- The dataset that brought us past the 3PB mark: a coloured reconstruction of a bee’s compound eye, produced from studies on I13. Courtesy of Gavin Taylor, Emily Baird, Andrew J Bodey & Andreas Enstrom (University of Lund)
Around 3000 scientists visit Diamond each year to study, scan, and scrutinise samples. They could be investigating anything, from a type of virus or bacteria, to smart materials like graphene, or samples from dinosaur skeletons. All of this scientific research produces some pretty big data, up to 20 terabytes a day to be precise – that’s equivalent to all the storage on about 40 standard laptops – and Diamond’s data is only getting bigger.
Diamond recently passed a big data milestone: a massive three petabytes have now been processed at the facility. Now for those of us who don’t know our gigabytes from our terabytes, three petabytes is about the equivalent of 187,500 modern iPhones*, or 6000 years of Mp3 music; it’s more data than a human being could ever process in their lifetime.
And the amount of data being processed at Diamond is increasing rapidly; in fact, the number has gone up by 35% in the last 12 months alone. New beamlines, improved capabilities, and proliferating numbers of users mean that Diamond is running at a higher level than ever before. Diamond’s data is expected to increase even more rapidly in the coming years; 8 new beamlines will become operational by 2018, and new integrated facilities like the eBIC centre for biological research and the new materials characterisation facility will mean that Diamond is soon producing more data than almost any other facility in the UK.
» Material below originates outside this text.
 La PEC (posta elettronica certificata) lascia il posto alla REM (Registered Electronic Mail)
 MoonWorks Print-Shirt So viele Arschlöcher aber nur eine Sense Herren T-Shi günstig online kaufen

So how do you cope with that much information? Well, Diamond has an entire team of computing specialists dedicated to processing the raw information generated by scientific experiments. Their job is to transform this data into a format that can be interpreted by the scientists carrying out the experiment, like a graph or an image. These people are the unsung heroes of science – with advanced software and techniques, the computing team ensure that scientists’ experiments generate clear and meaningful information.